For the moment, the platform does not allow the visualization of the ID3 generated trees. The J48 decision tree is the Weka implementation of the standard C4.5 algorithm which is the successor of ID3. Weka allow sthe generation of the visual version of the decision tree for the J48 algorithm. So, from the “Classifier” section select “trees” > “J4.8”. Also make sure that the “-C 0.25 -M 1” options are selected for the algorithm. There options represent:
- confidenceFactor — The confidence factor used for pruning (smaller values incur more pruning).
- minNumObj — The minimum number of instances per leaf.
Press again “Start”. After the calculation select the result in the left pane, right-click and select “Visualize tree”.
As you see, the generated decision tree is similar to the one at the top of the article.
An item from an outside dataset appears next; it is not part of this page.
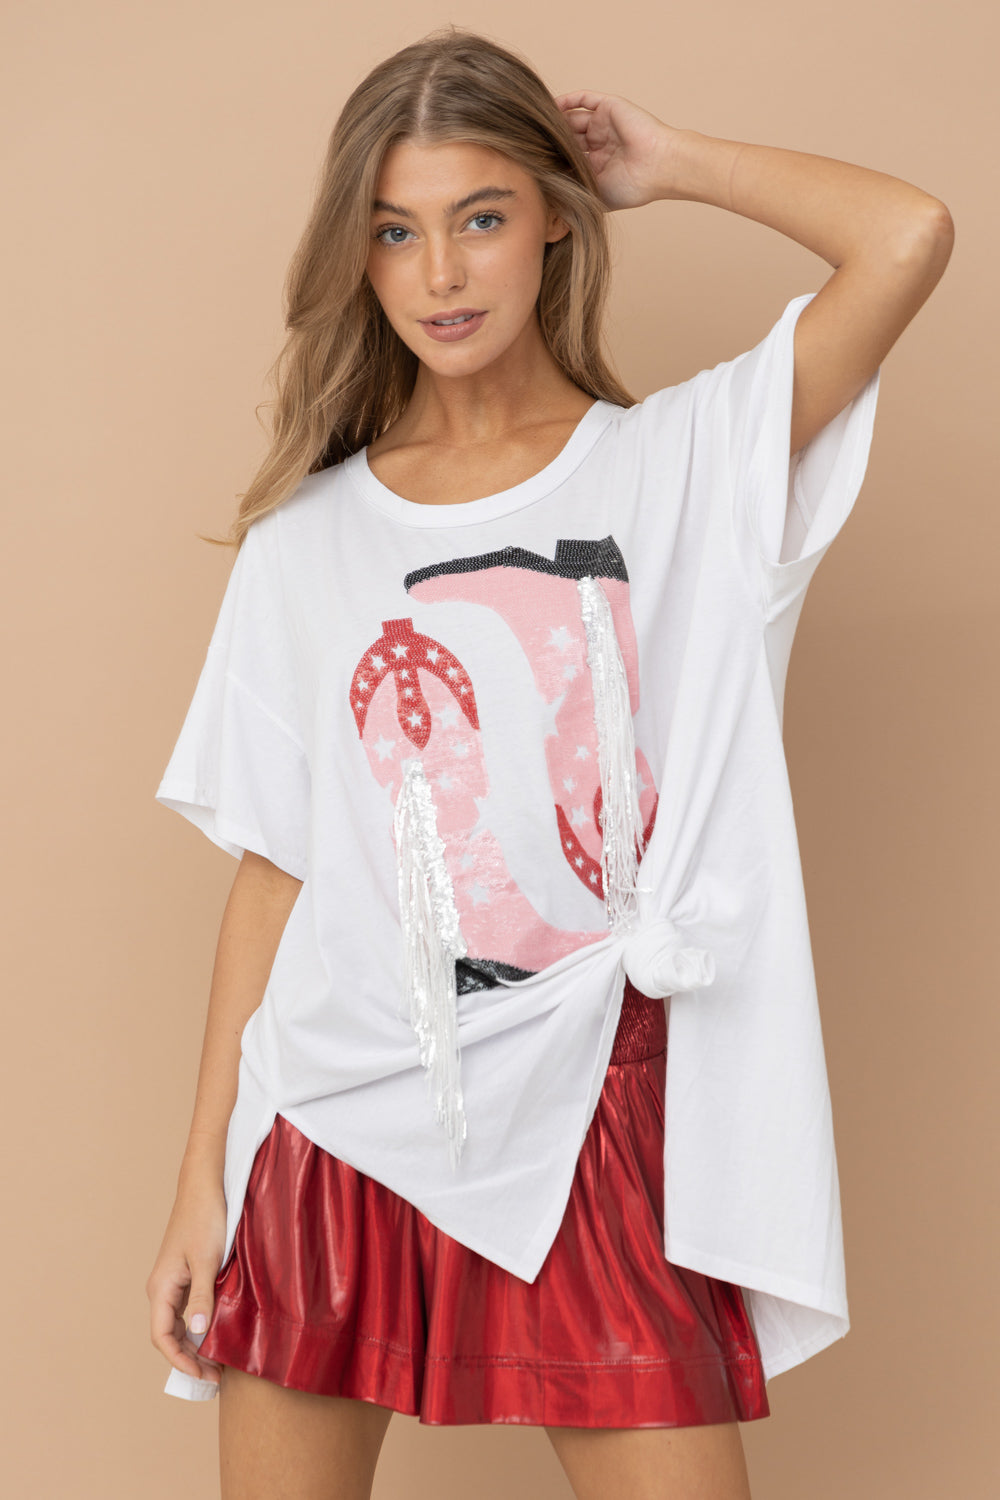 Boots Graphic Sequin Tee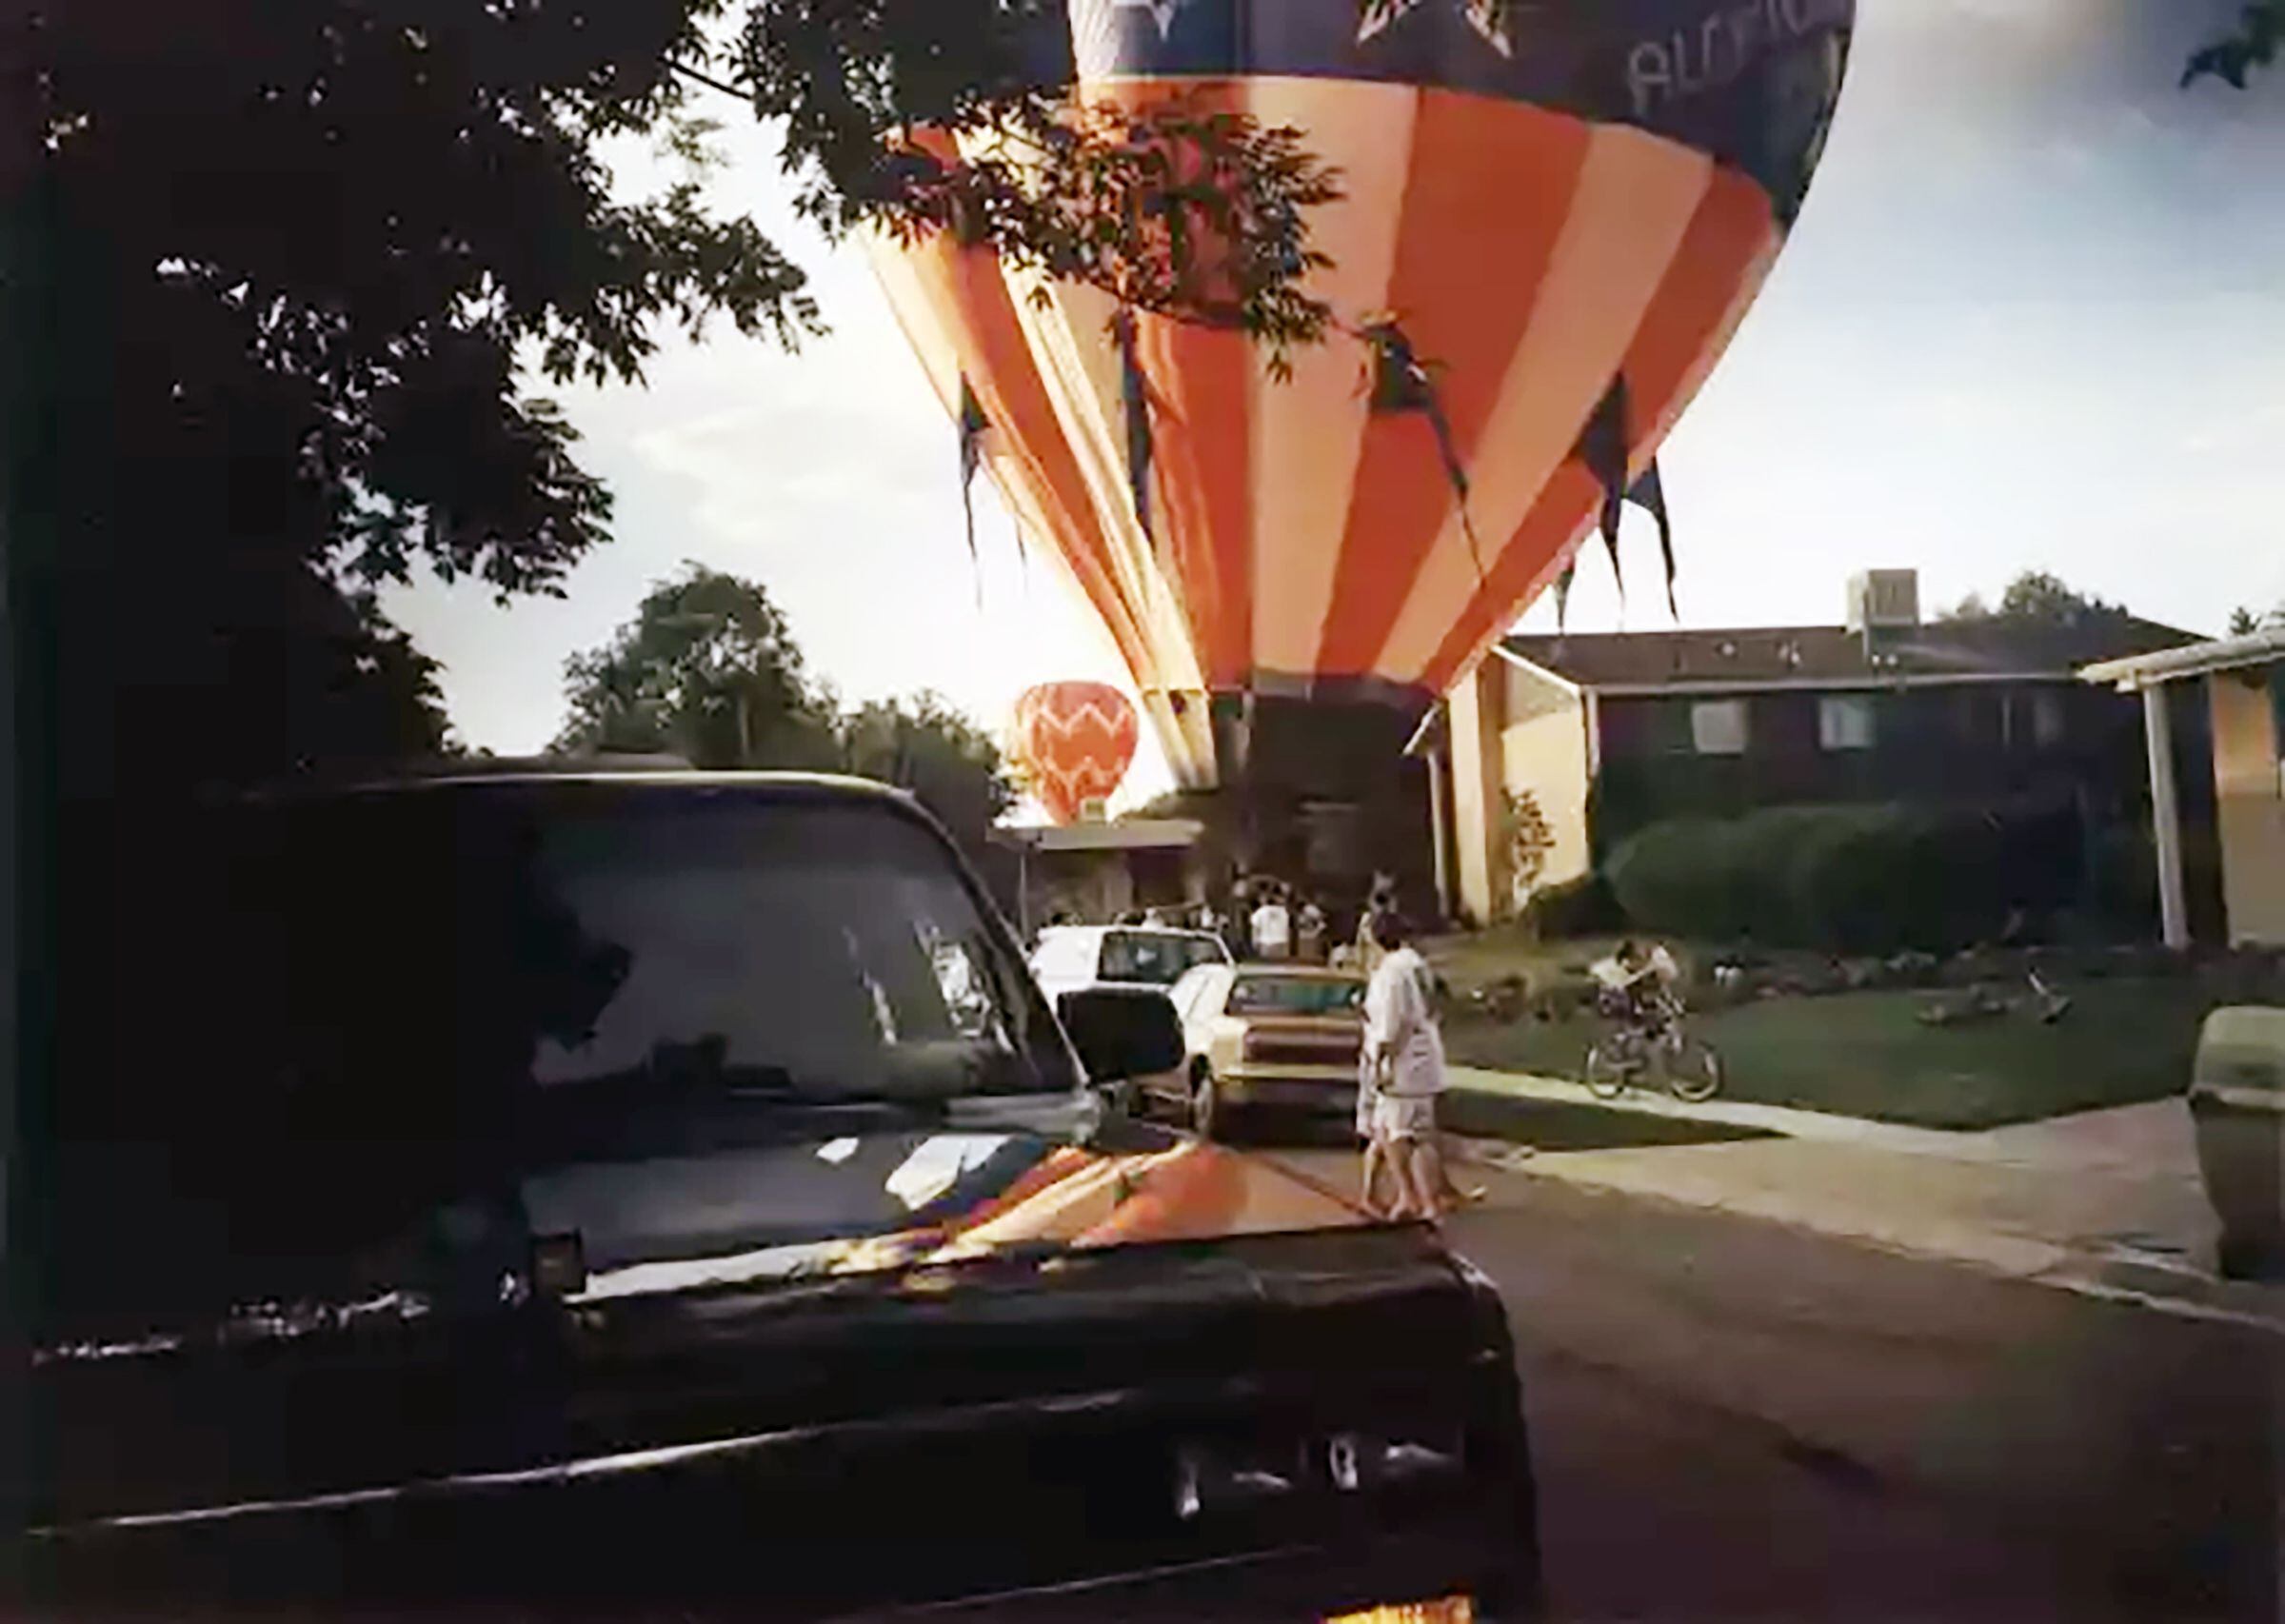 (Curt Bramble) A balloon carrying Guns N’ Roses frontman Axl Rose with Curt Bramble lands on a street in Cottonwood Heights in 1989. The balloon in the background carried Slash and other members of the band, according to Bramble.

Java version of the algorithm
As mentioned before, besides the visualization workbench, Weka offers also a Java library which can be used in third party applications. On GitHub you can find the Java project which build the ID3 decision tree programmatically, starting from the same training data file: https://github.com/technobium/weka-decision-trees
By running the Java code you should obtain the following result:
CountryOfOrigin = USA
| BigStar = yes: Success
| BigStar = no: Failure
CountryOfOrigin = Europe
| Genre = scifi: Failure
| Genre = comedy: Success
| Genre = romance: Failure
CountryOfOrigin = Australia: Failure
CountryOfOrigin = Brazil: Failure
Test data : Europe,no,comedy
Test data classification: Success
Decision trees are a easy to use and easy to understand supervised learning algorithms class. They are used successfully for the following type of problems:
- loan applications
- medical diagnosis
- movie preferences
- spam filters
- security screening
Decision trees perform well with large datasets and can handle both numerical and categorical data. They are also at the base of random forests.